** SOURCE MATERIAL follows **

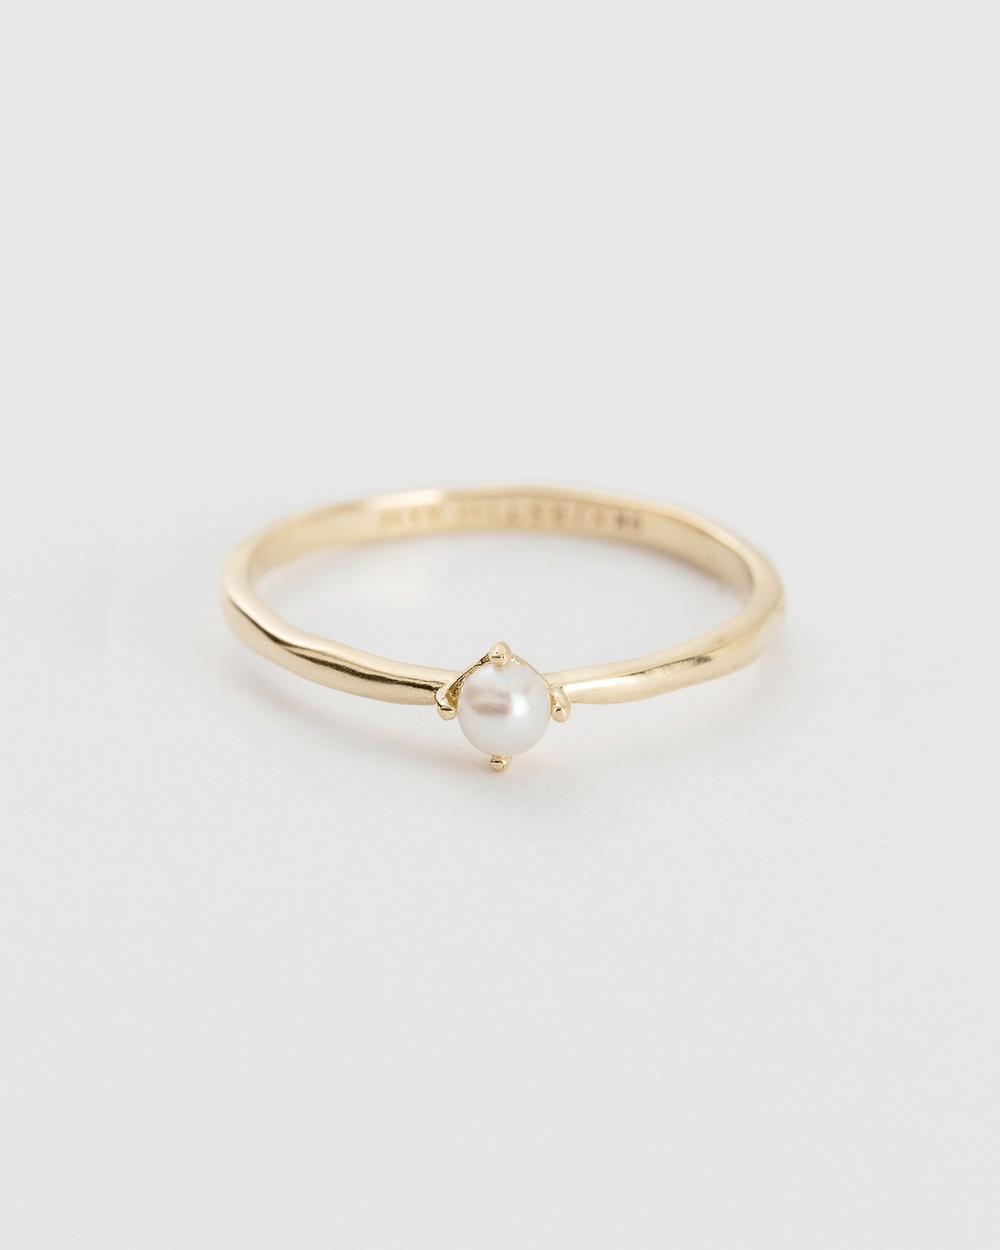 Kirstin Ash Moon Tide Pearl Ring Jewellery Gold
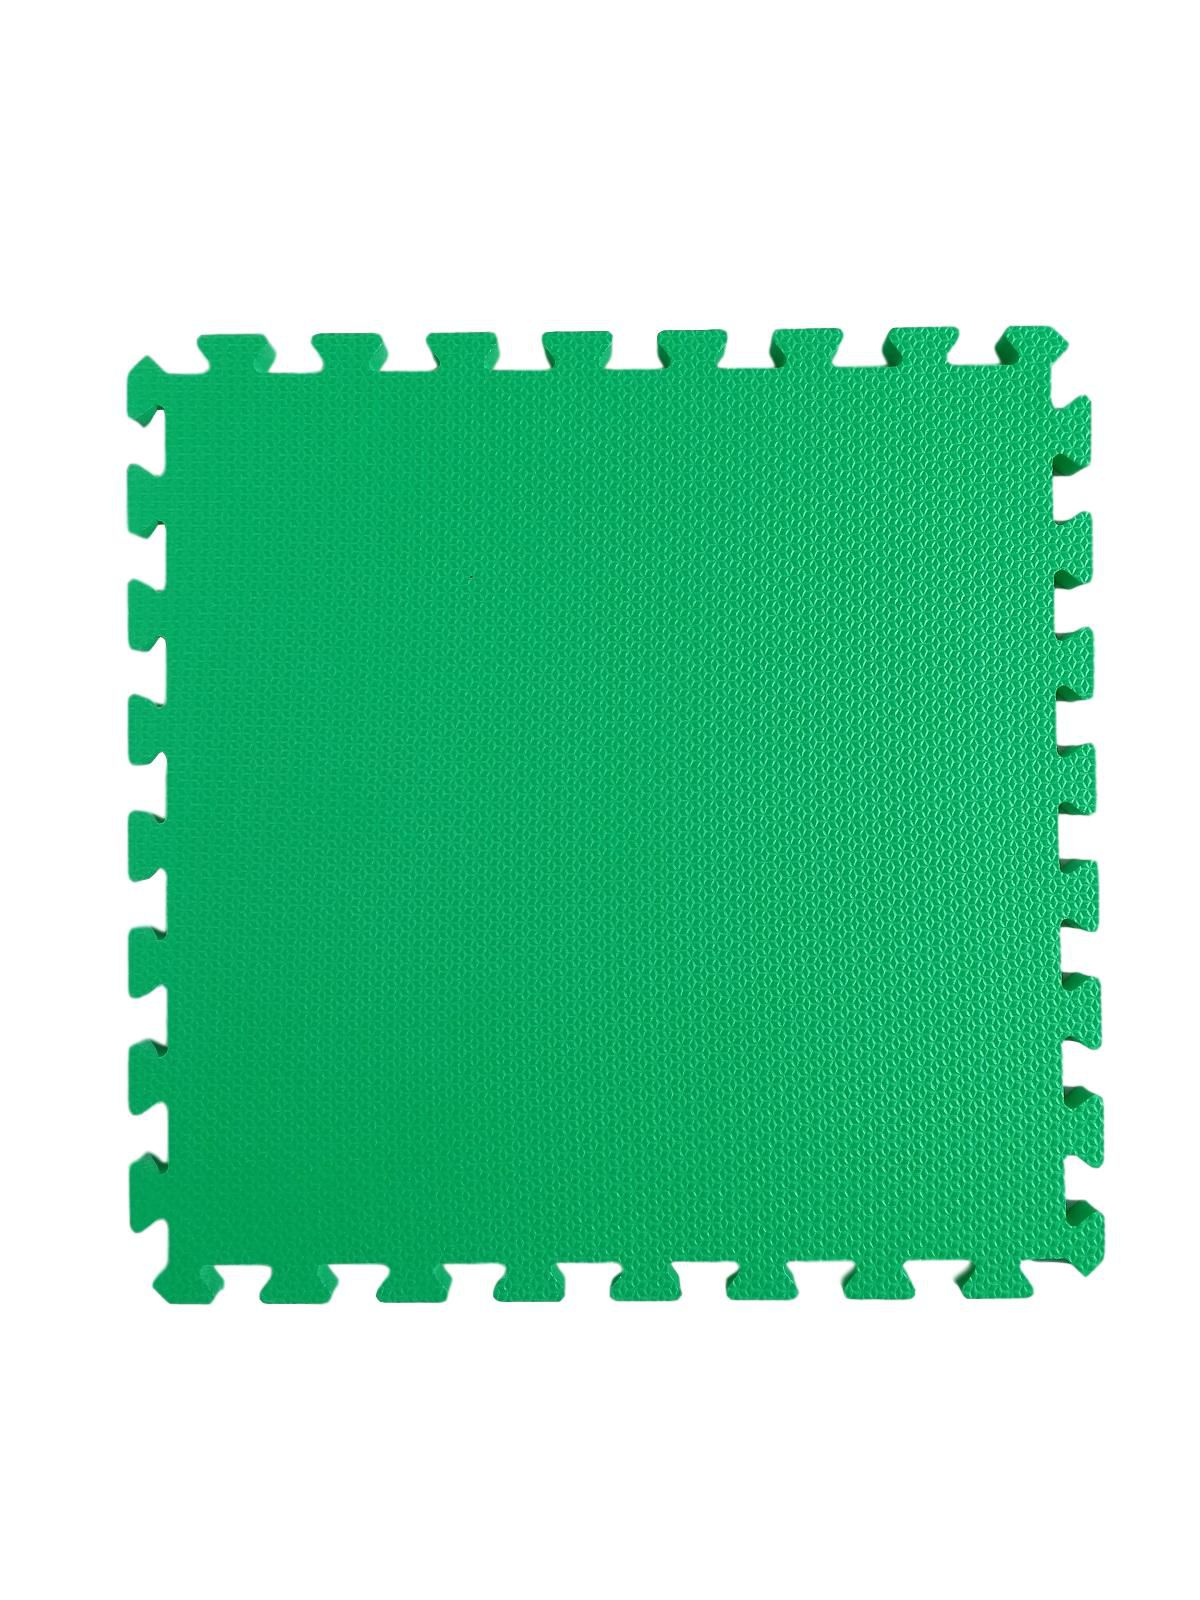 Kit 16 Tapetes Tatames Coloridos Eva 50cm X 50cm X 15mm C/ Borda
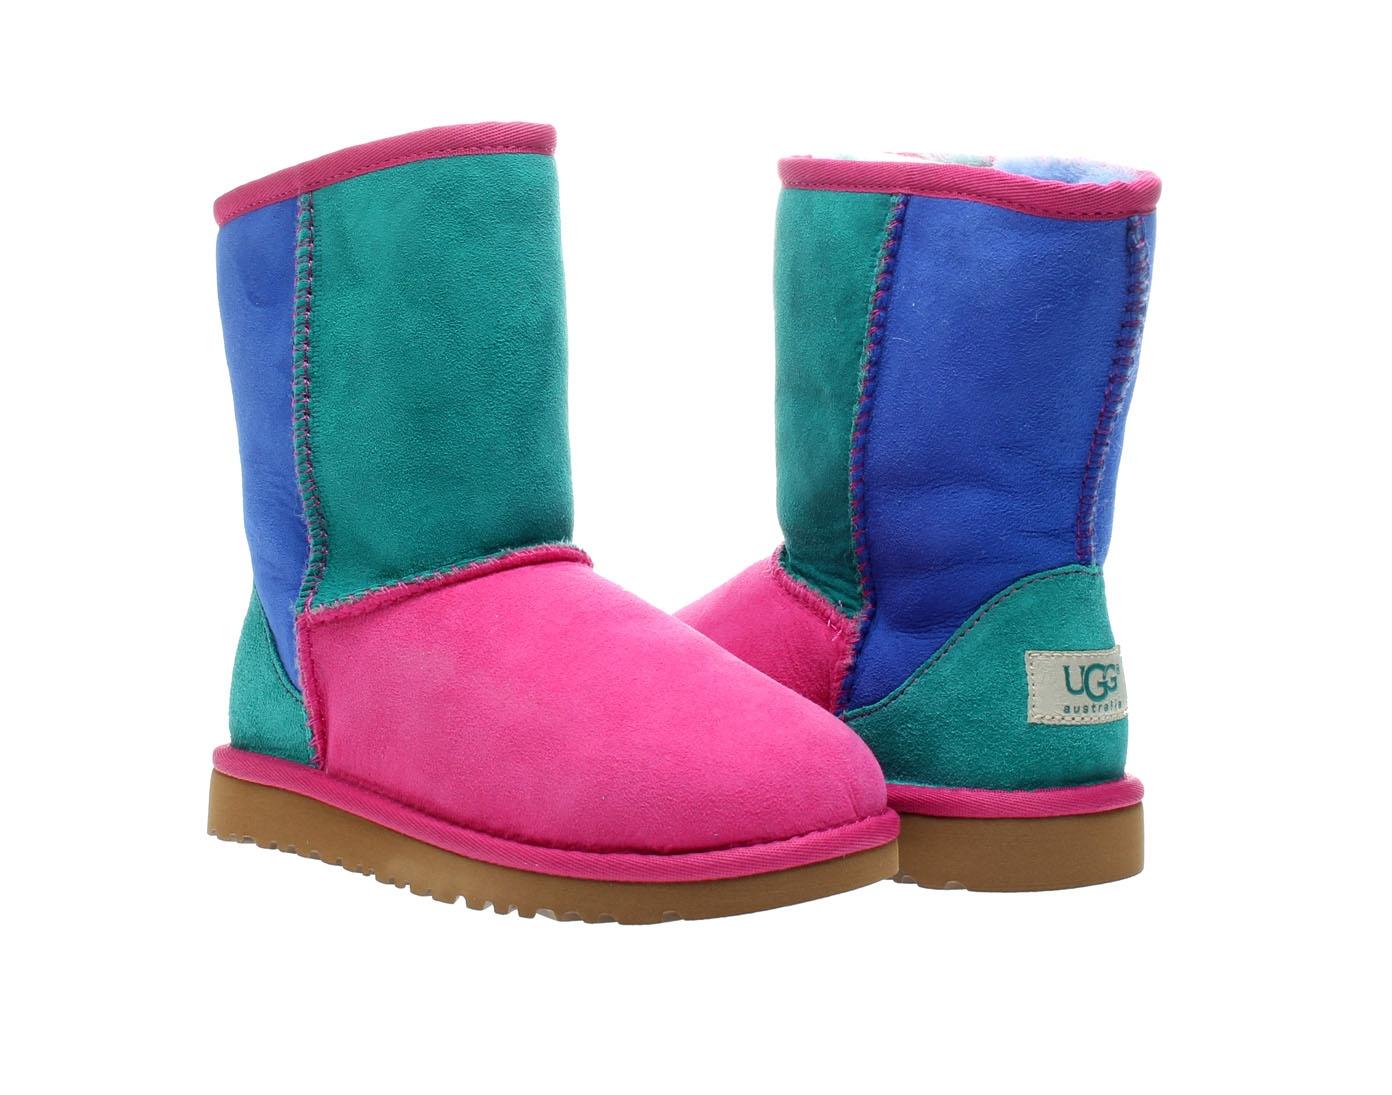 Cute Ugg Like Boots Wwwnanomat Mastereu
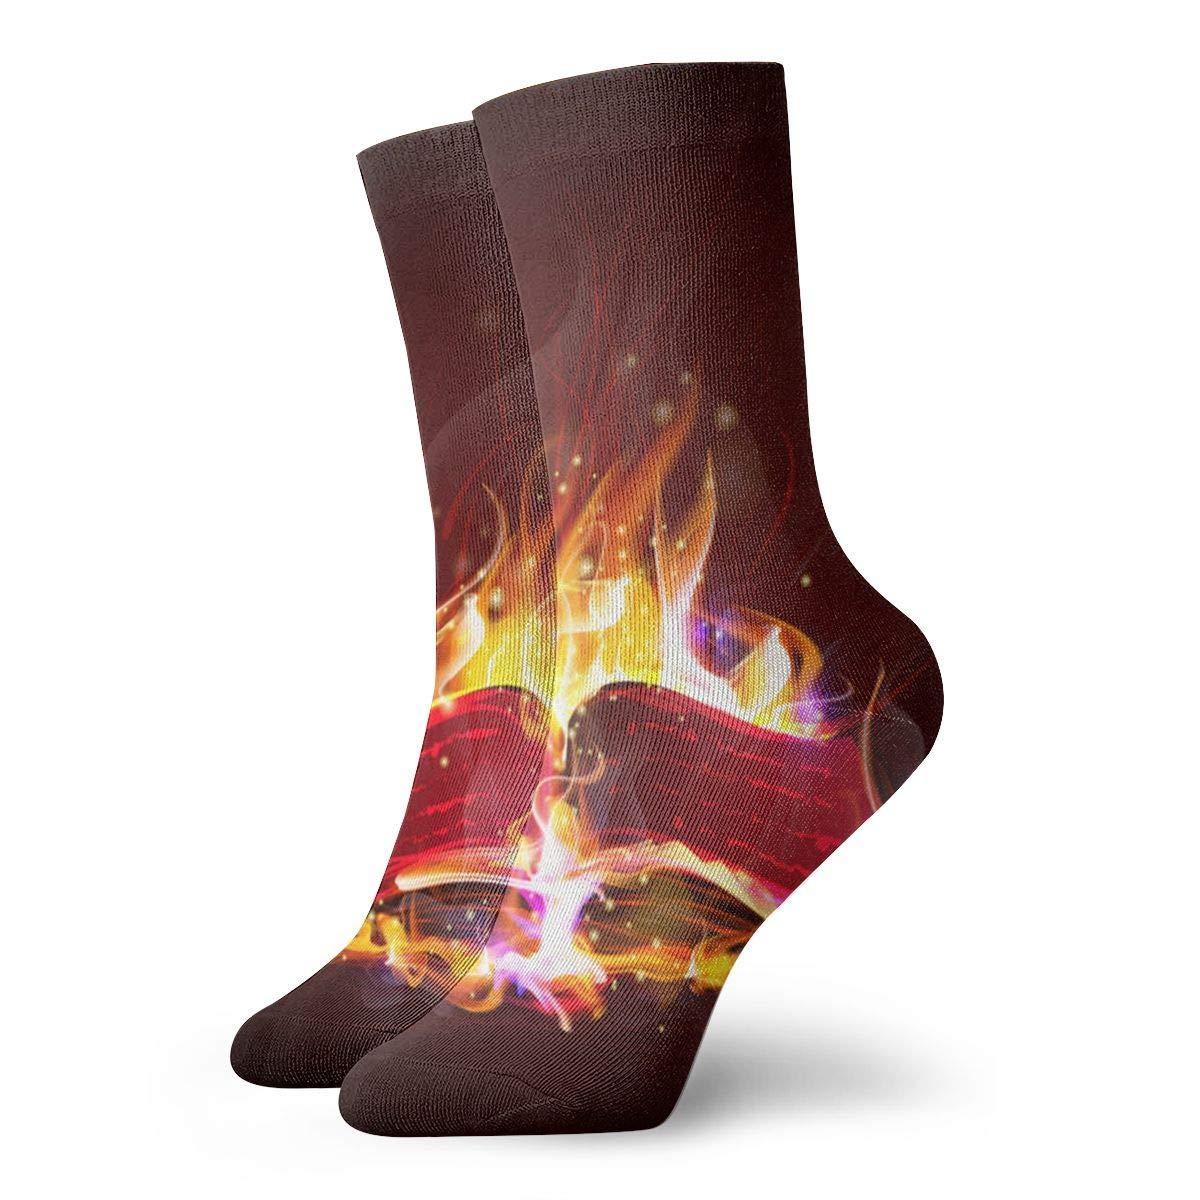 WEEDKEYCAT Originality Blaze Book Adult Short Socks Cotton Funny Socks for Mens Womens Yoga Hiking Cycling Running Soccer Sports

** End of SOURCE MATERIAL **

### TASK TO CARRY OUT
Would you retype all the lines shown above, exactly as written and without any picture?

### SOLUTION TO THIS PROBLEM
 Kirstin Ash Moon Tide Pearl Ring Jewellery Gold
 Kit 16 Tapetes Tatames Coloridos Eva 50cm X 50cm X 15mm C/ Borda
 Cute Ugg Like Boots Wwwnanomat Mastereu
 WEEDKEYCAT Originality Blaze Book Adult Short Socks Cotton Funny Socks for Mens Womens Yoga Hiking Cycling Running Soccer Sports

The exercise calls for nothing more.